The following are not framework vulnerabilities. They are intentional design, operator responsibility, or downstream misuse. Reports in these categories will be closed as not a vulnerability.

  • A route author writing code that does whatever they want. .bean(), .process(), Runtime.exec(), simple / groovy / jexl / mvel evaluation, custom processors and beans are route code, and route code is trusted. If a route author evaluates an attacker-controlled header as a simple expression, the route is at fault, not the framework. The framework is in scope only when it passes untrusted input to an evaluator without the route author asking for it.

  • A route author building a SQL, Cypher, LDAP, XPath or HTTP URI string from untrusted input without parameterisation. The components offer safe APIs (parameter binding, prepared statements, URI builders); using them is the route author’s responsibility.

  • An option whose risk is documented and which must be set explicitly to enable the risky behaviour. allowJavaSerializedObject=true, transferException=true, trustAllCertificates=true, hostnameVerificationEnabled=false, explicit selection of an ObjectInputStream-using data format - these are documented opt-ins and the operator has signed up for the consequences.

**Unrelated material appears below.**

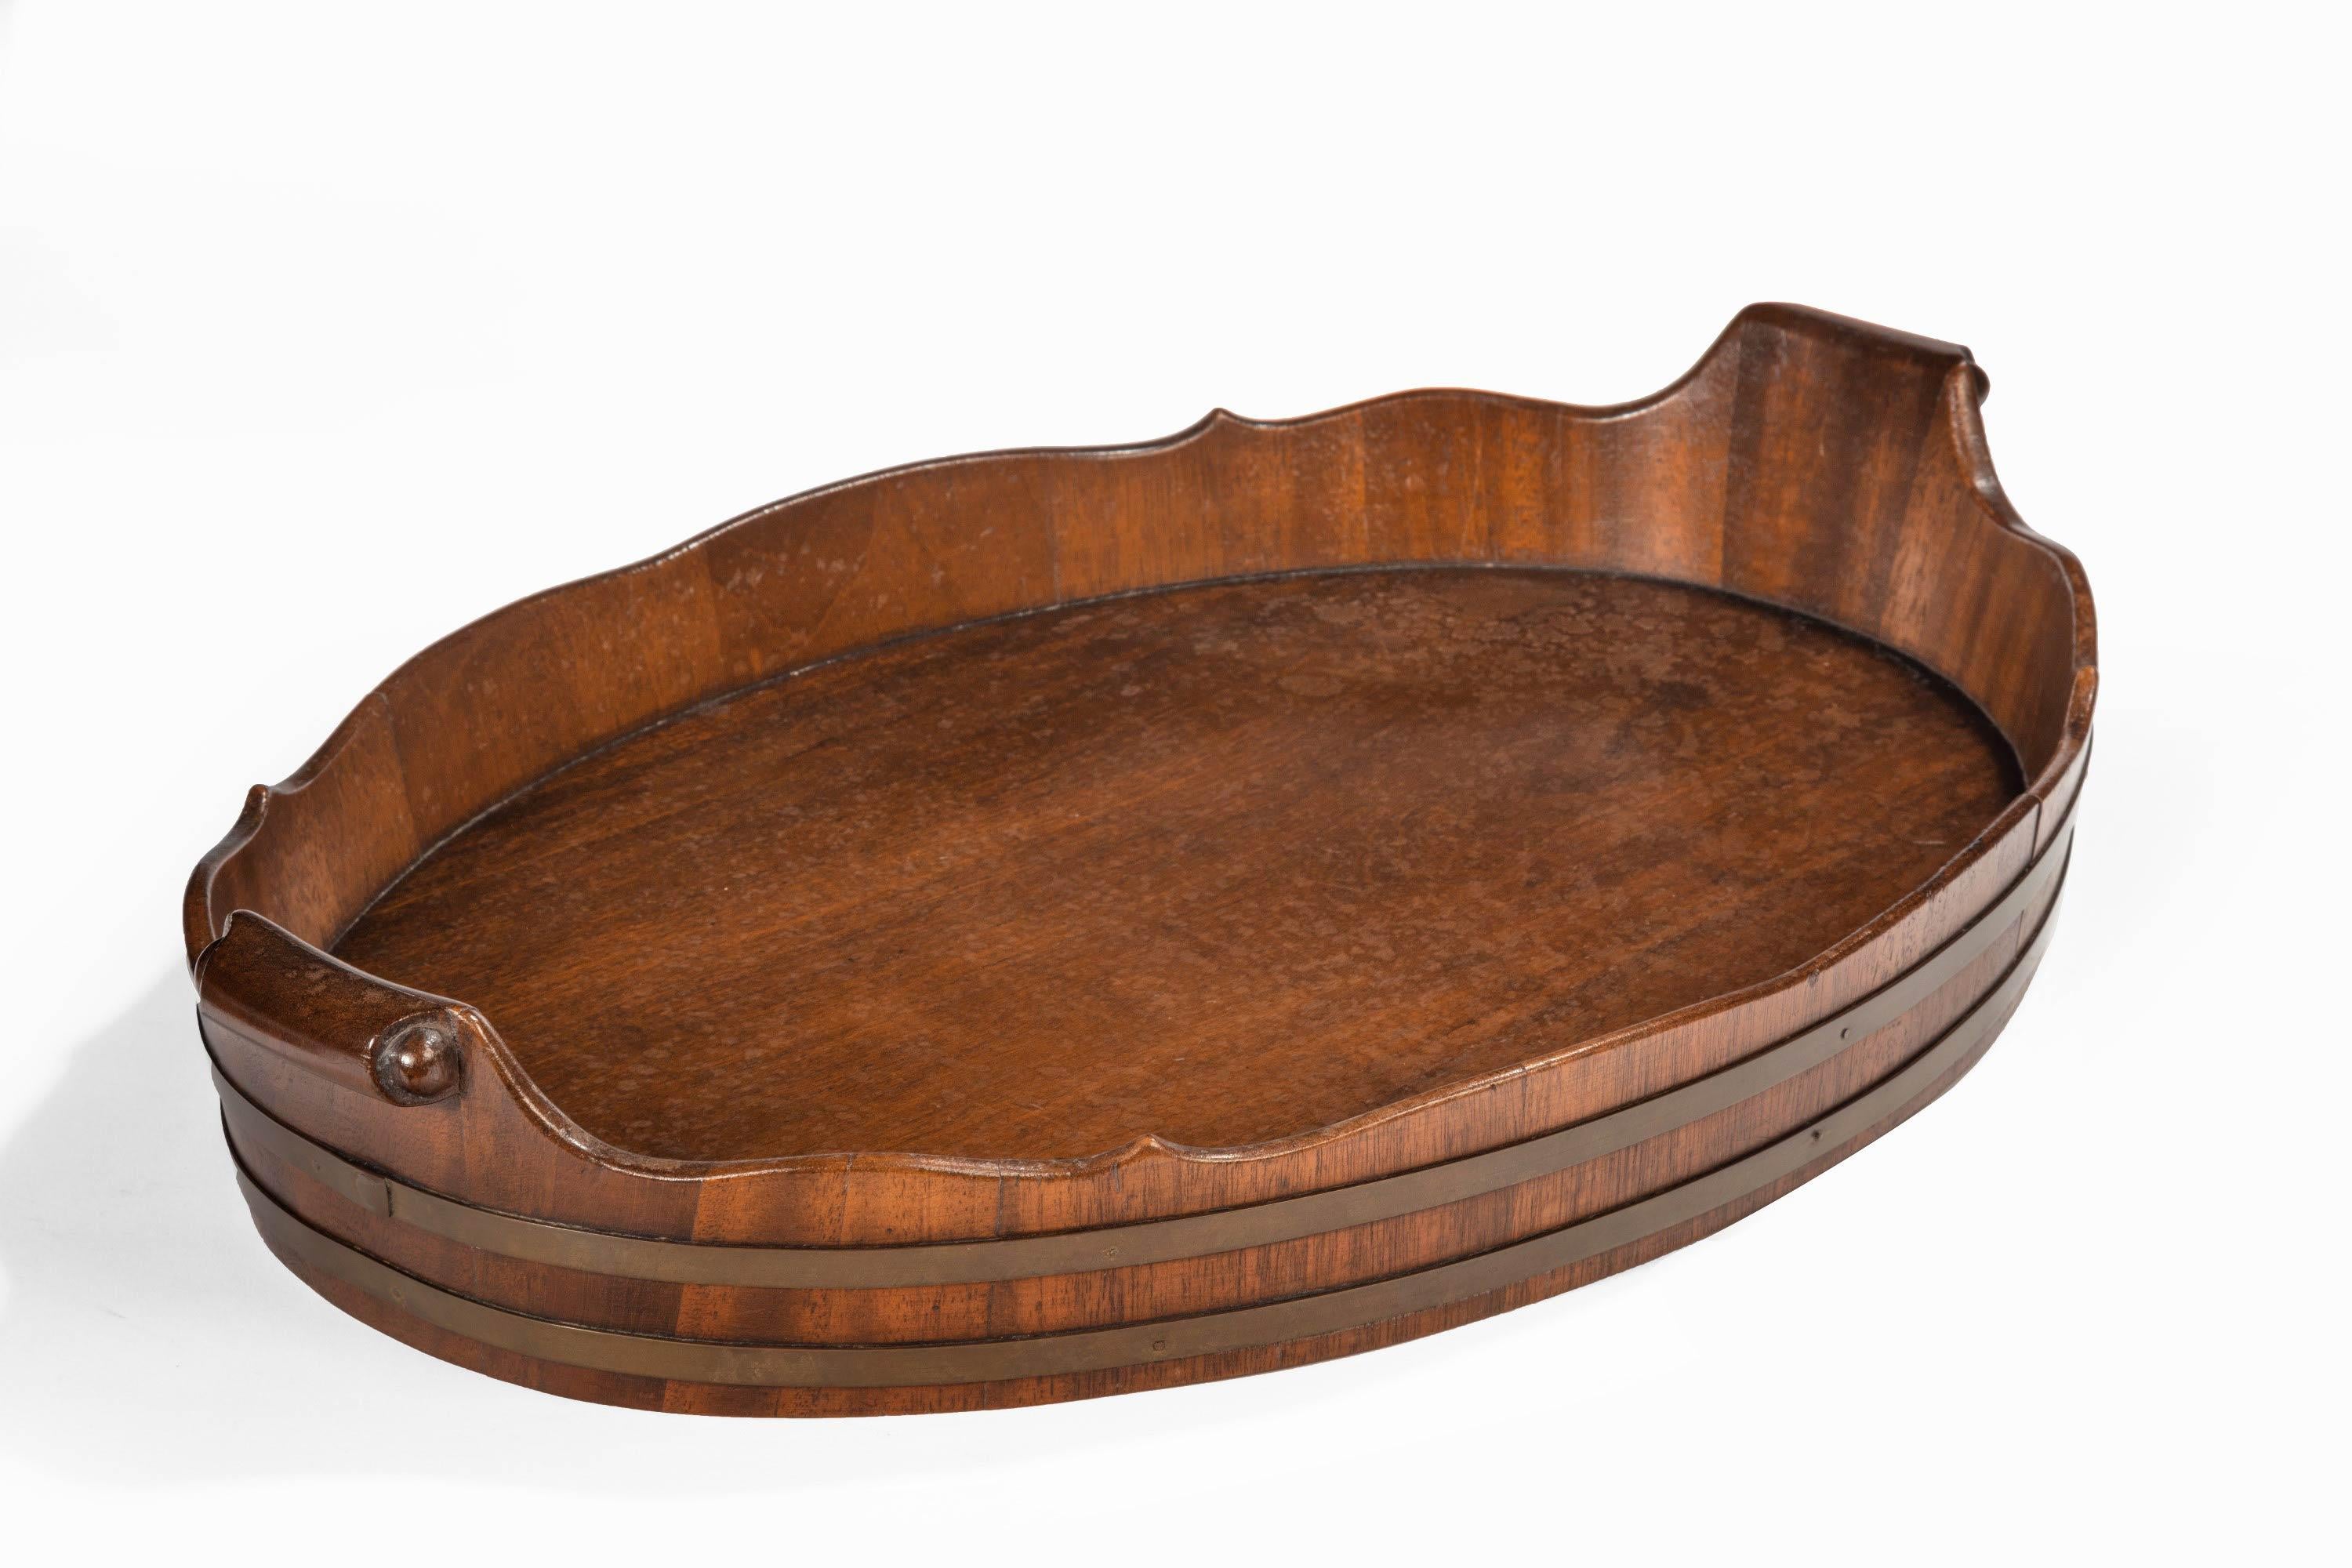 A very good George III period mahogany oval tray with an unusually deep border. Surmounted with two original brass bindings. Most attractive inlaid curled handles.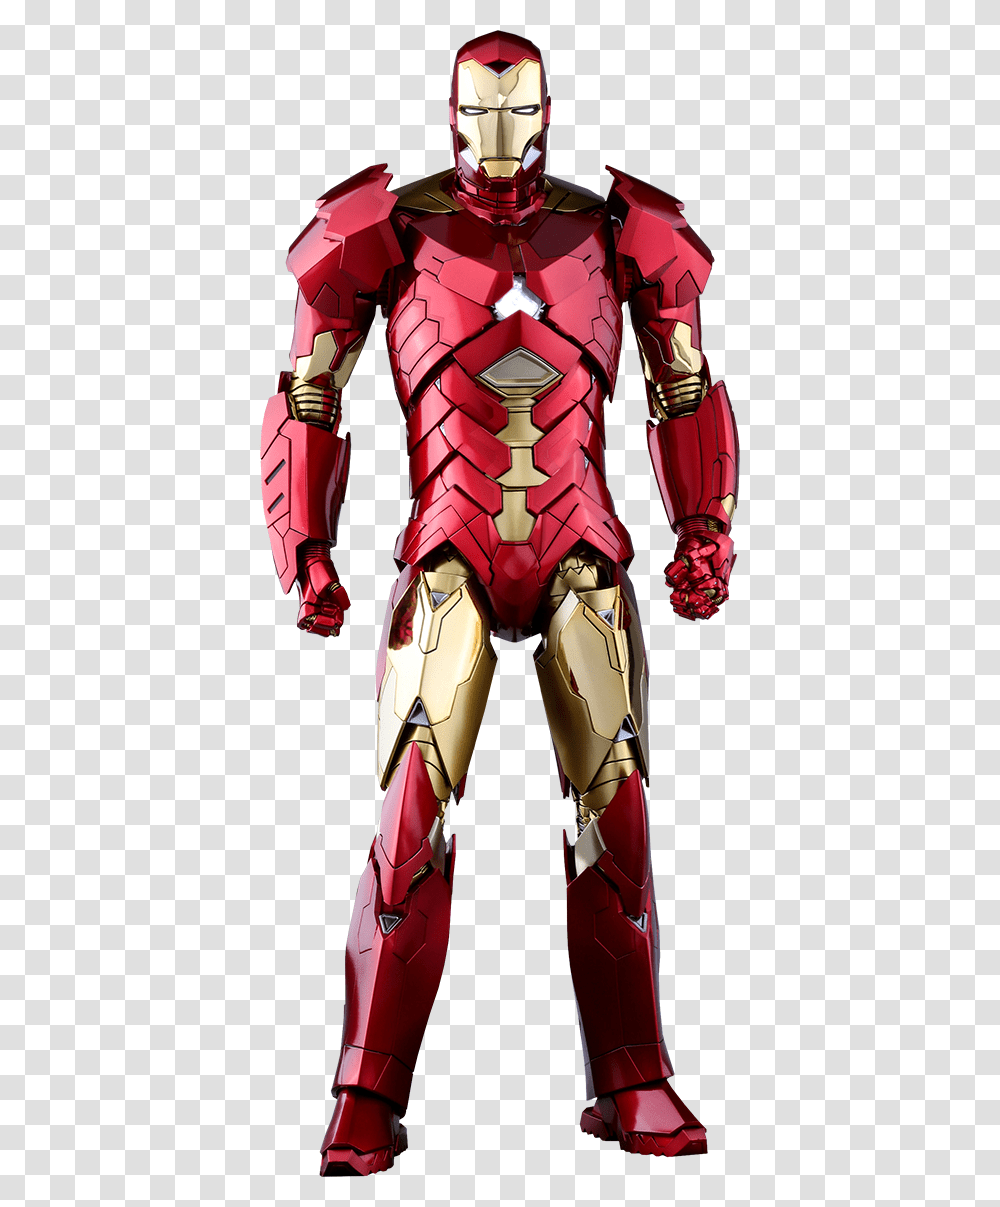 Iron Man Mark 15 Retro, Toy, Costume, Armor, Sweets Transparent Png

  • Behaviour that is only present under the non-default dev or test profile. Camel defaults to the prod profile; the dev and test profiles (set explicitly via camel.main.profile, or selected for you by tooling such as Camel JBang) are development-only and deliberately less guarded - they enable the developer console, debug and trace endpoints, the backlog debugger and more verbose diagnostics, and relax the security policy default from fail to warn. Camel may, by design, reveal configuration, route and Exchange detail in these modes that it would not reveal under prod. A report whose impact only manifests under camel.main.profile = dev or test is out of scope as a non-default, development-only configuration; the production posture against which findings are judged is the default prod profile (see Deployment hardening and the design/security.adoc design document for the profile-aware policy defaults).

  • Denial of service via resource exhaustion. Unthrottled routes, unbounded aggregators, an HTTP consumer with no rate limit, a JMS consumer that accepts arbitrarily large messages - operators must apply throttle, circuitBreaker, resilience4j, JVM heap limits, and the relevant component-level options. Algorithmic-complexity attacks in third-party libraries are reported to the upstream project unless Camel exposes the parser in a way that bypasses the library’s own limits.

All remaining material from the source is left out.